PROCESSUAL CIVIL — AgInt nos EDcl no REsp 1545604
Análise documental baseada na ementa oficial do Superior Tribunal de Justiça, organizada para consulta e compreensão do precedente.
Comentário editorial
Nesta leitura prática, a decisão é organizada para mostrar o que o STJ efetivamente registrou e quais dados devem ser conferidos antes de transportar o entendimento para uma situação cotidiana.

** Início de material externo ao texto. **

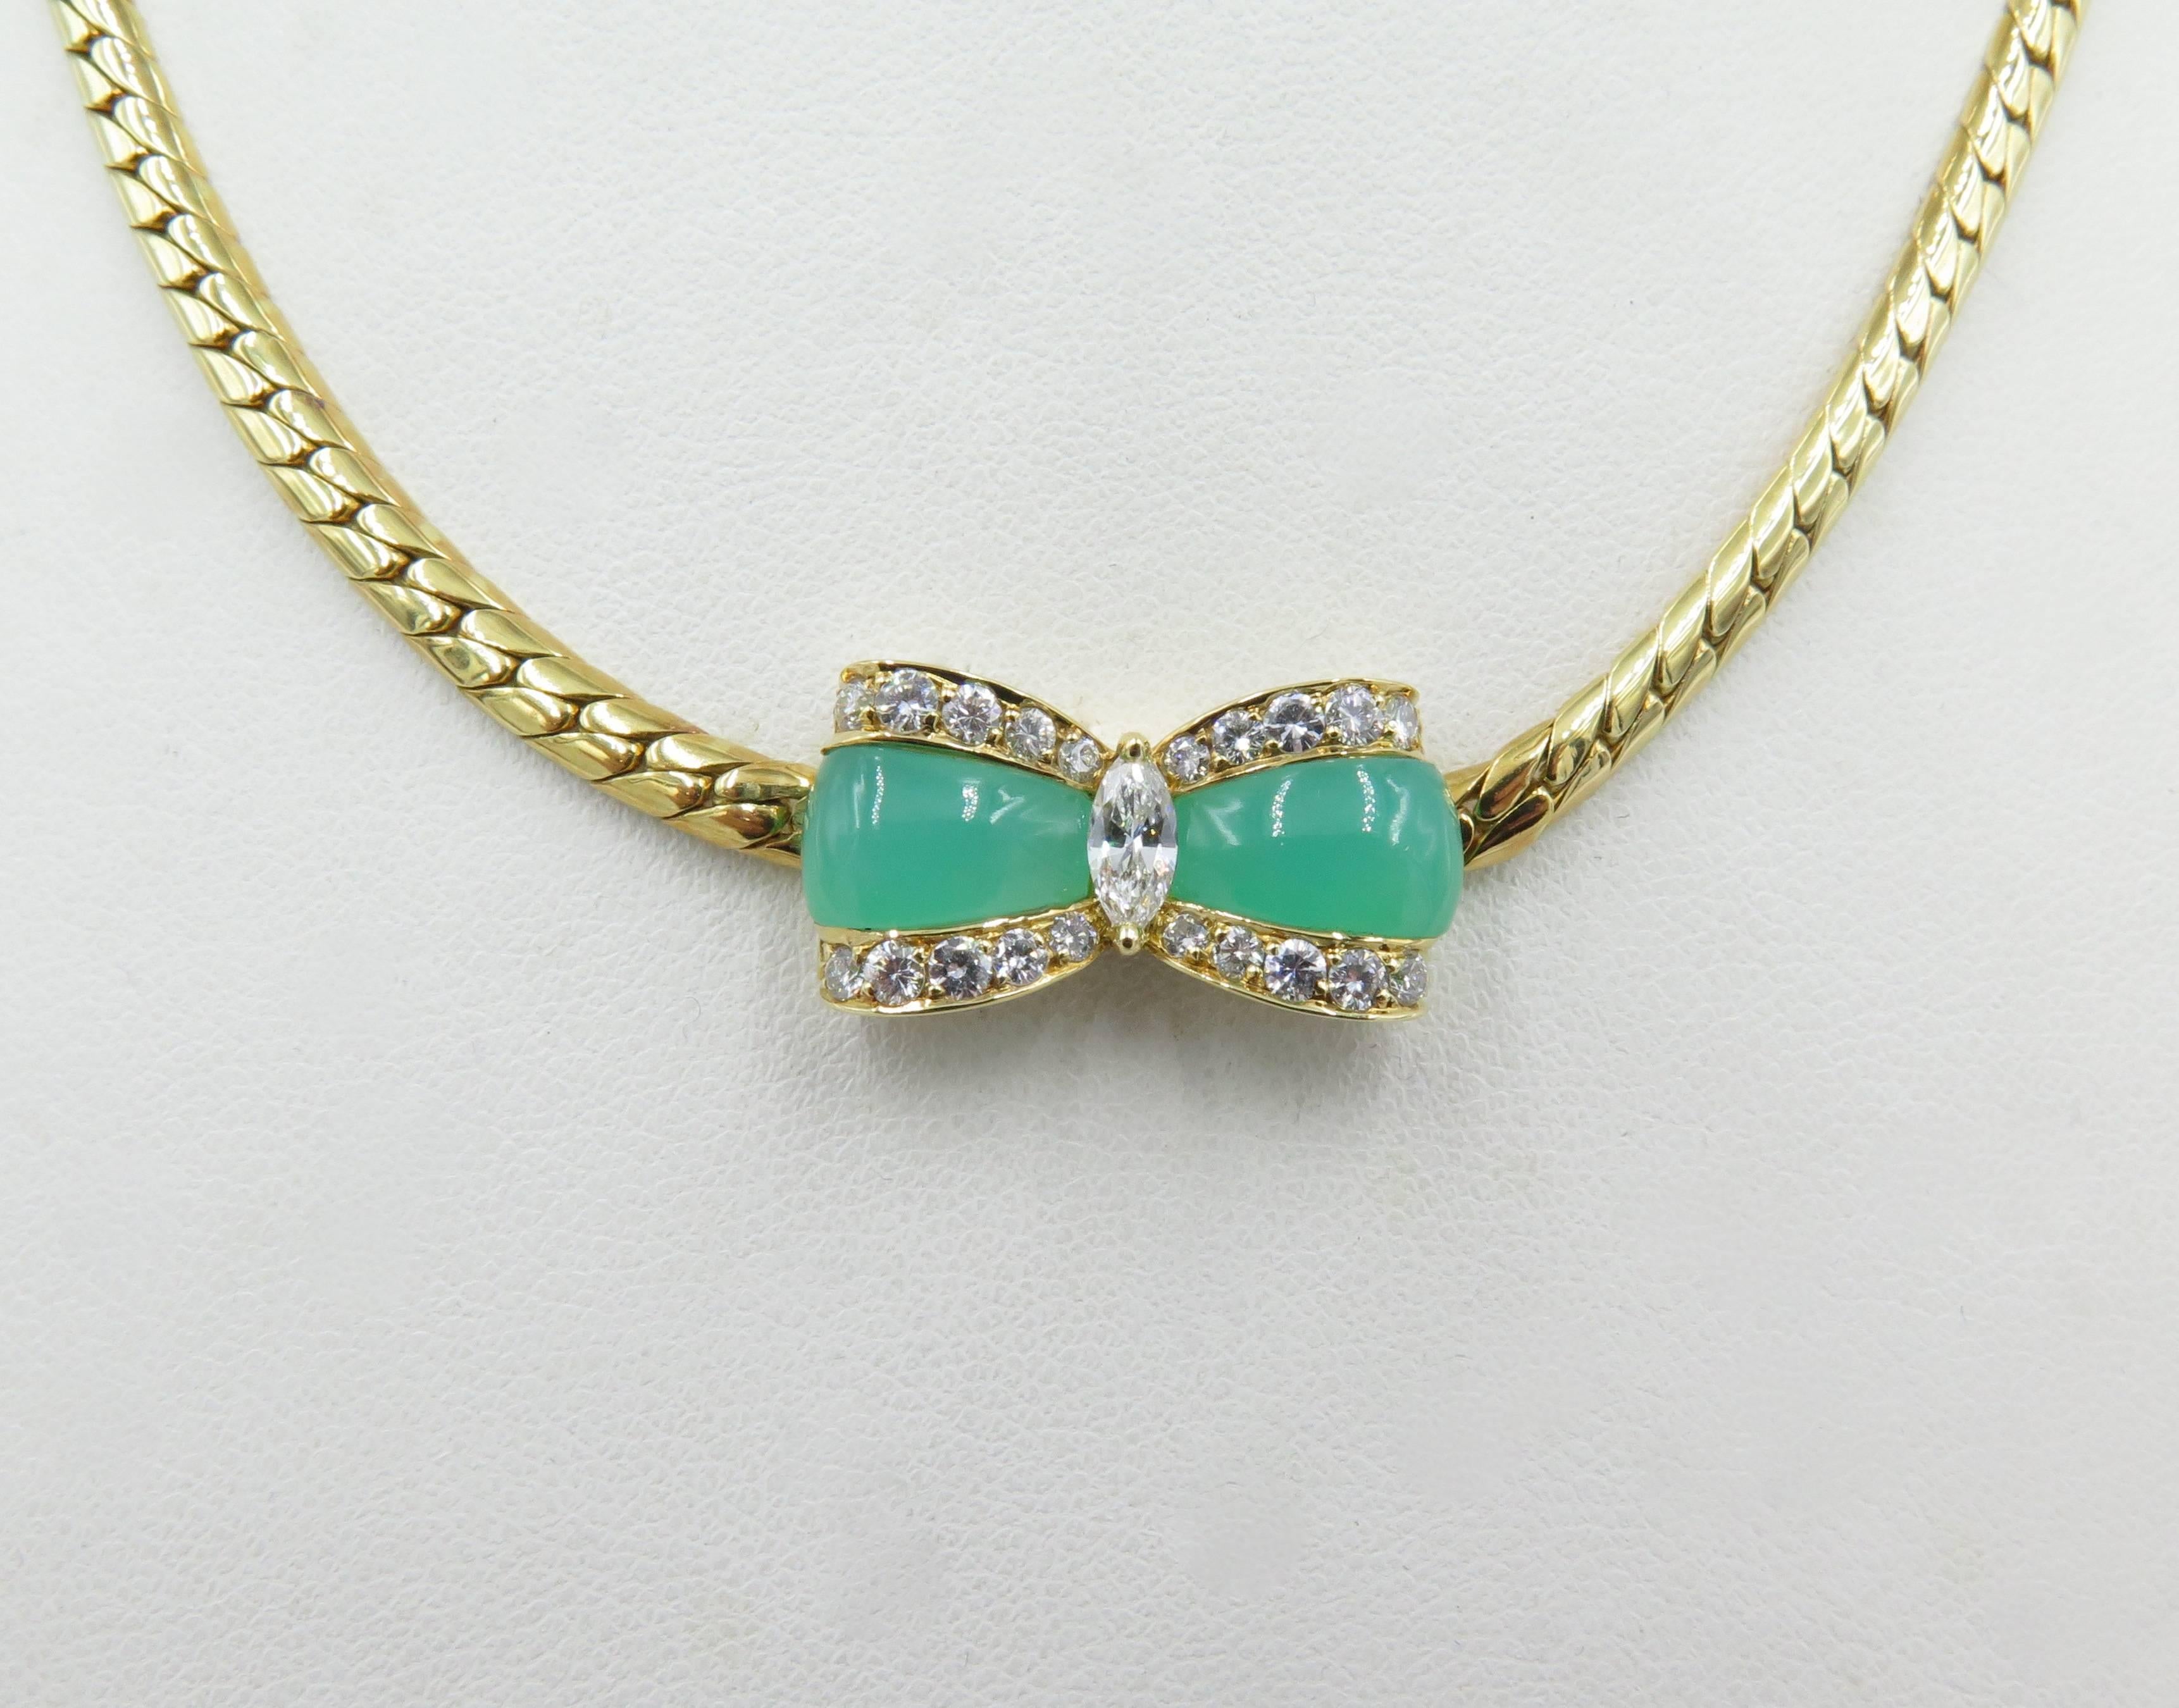 An 18 karat yellow gold, chrysoprase and diamond necklace. Van Cleef and Arpels. French. Designed as a flat link chain, centering a chrysoprase bow, with circular diamond trim, centering a marquise cut diamonds. Twenty (20) circular-cut diamonds

O recorte processual é AgInt nos EDcl no REsp, julgado por PRIMEIRA TURMA, sob relatoria de GURGEL DE FARIA.
Para o cidadão, o ponto essencial é não tratar a ementa como uma regra automática: fatos, pedidos, fase processual e legislação aplicável precisam ser comparados com o caso concreto. Quando o julgamento repercutir em mobilidade, veículos, sanções ou direitos do condutor, essa conexão deve estar expressa no próprio texto oficial.
Pontos centrais da ementa
- EXIGÊNCIA DE RATIFICAÇÃO APÓS NOVO JULGAMENTO.
- A Súmula 579 do STJ, que dispensa a ratificação do recurso especial quando inalterado o resultado anterior, pressupõe que a decisão superveniente não tenha modificado o julgado combatido.
- No caso, o provimento do recurso especial ministerial não apenas determinou novo julgamento em remessa necessária, como gerou nova decisão do tribunal de origem - circunstância que, por si só, rompeu a aptidão do recurso especial anteriormente interposto, exigindo sua ratificação pelos agravantes.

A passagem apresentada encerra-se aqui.